DIRECTIONS FOR THIS TASK. With the pictures removed, write out the data below exactly.

MATERIAL PROVIDED.
####

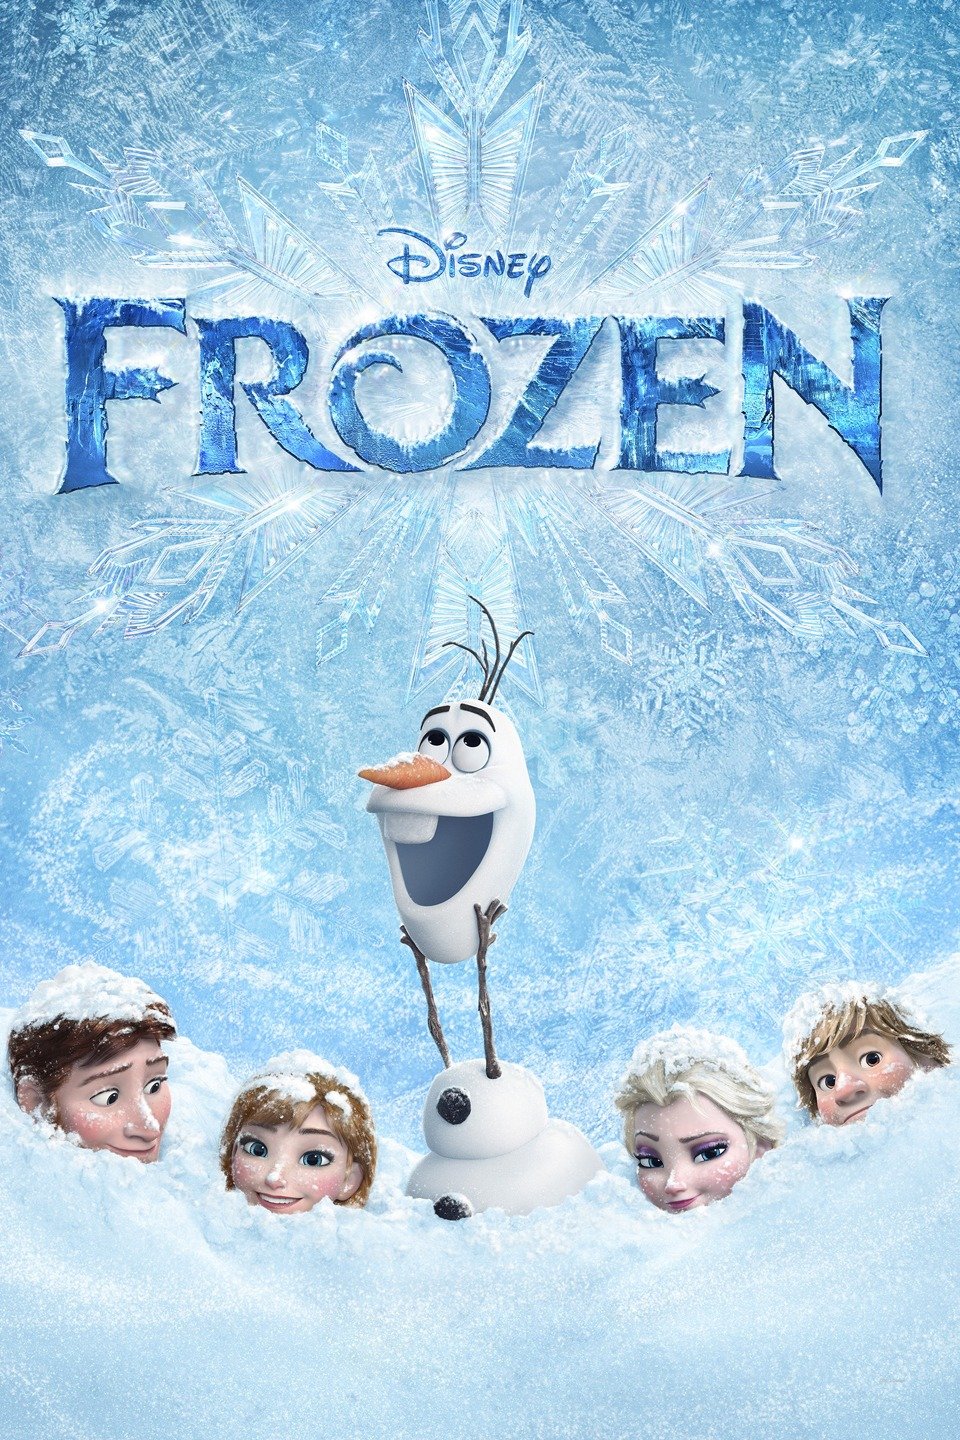 [MINI Super-HQ] Frozen (2013) ผจญภัยแดนคำสาปราชินีหิมะ [1080p] [พากย์ไทย 5.1 + อังกฤษ DTS] [BrRip.x264.DTS] [บรรยายไทย + อังกฤษ] [เสียงไทย + ซับไทย] [ONE2UP]
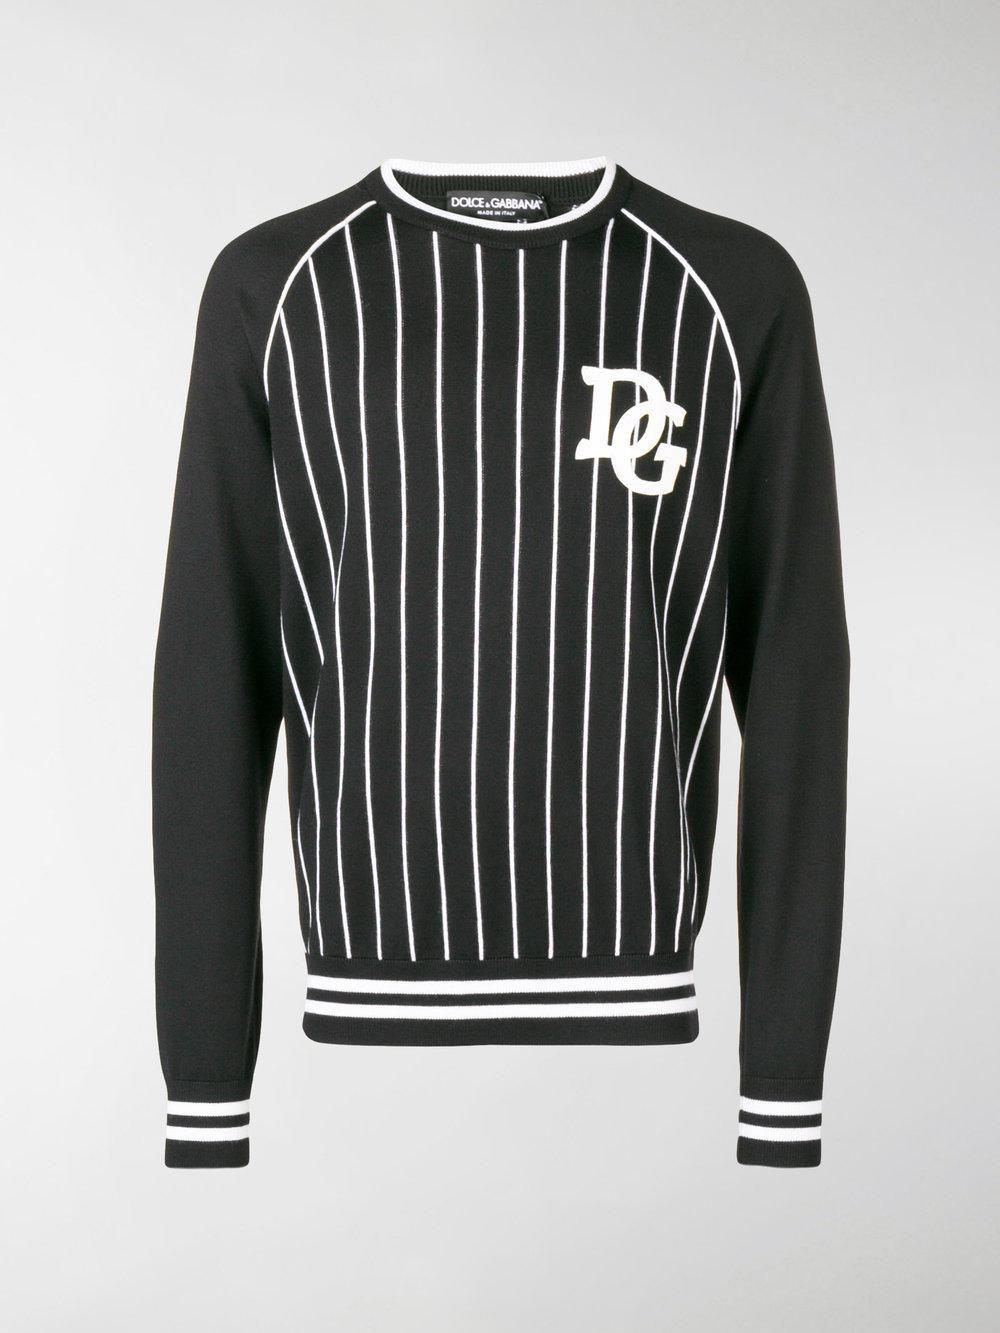 Black Striped Logo - Dolce & Gabbana Striped Logo Patch Sweater in Black for Men - Lyst
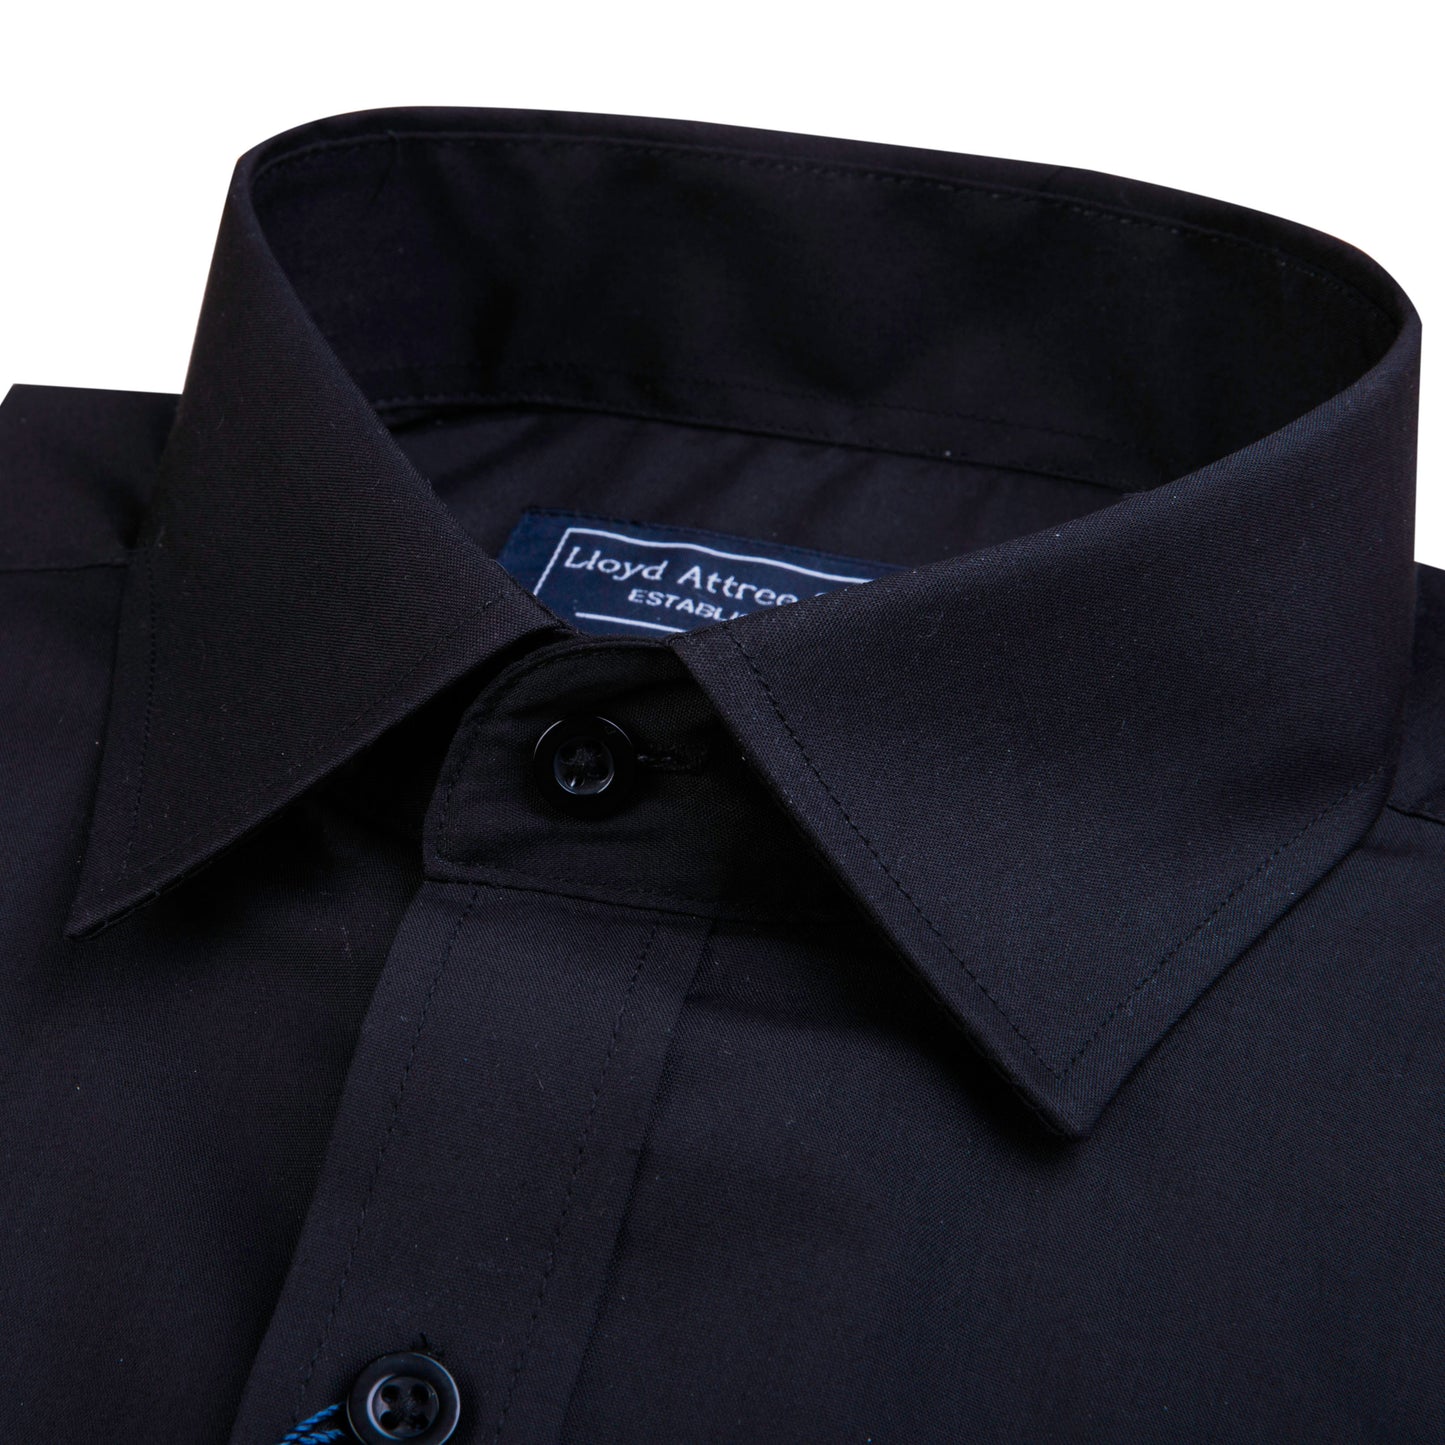 Black Short Sleeve Tailored Fit Shirt - Brand New

####

FINAL ANSWER.
 [MINI Super-HQ] Frozen (2013) ผจญภัยแดนคำสาปราชินีหิมะ [1080p] [พากย์ไทย 5.1 + อังกฤษ DTS] [BrRip.x264.DTS] [บรรยายไทย + อังกฤษ] [เสียงไทย + ซับไทย] [ONE2UP]
 Black Striped Logo - Dolce & Gabbana Striped Logo Patch Sweater in Black for Men - Lyst
 Black Short Sleeve Tailored Fit Shirt - Brand New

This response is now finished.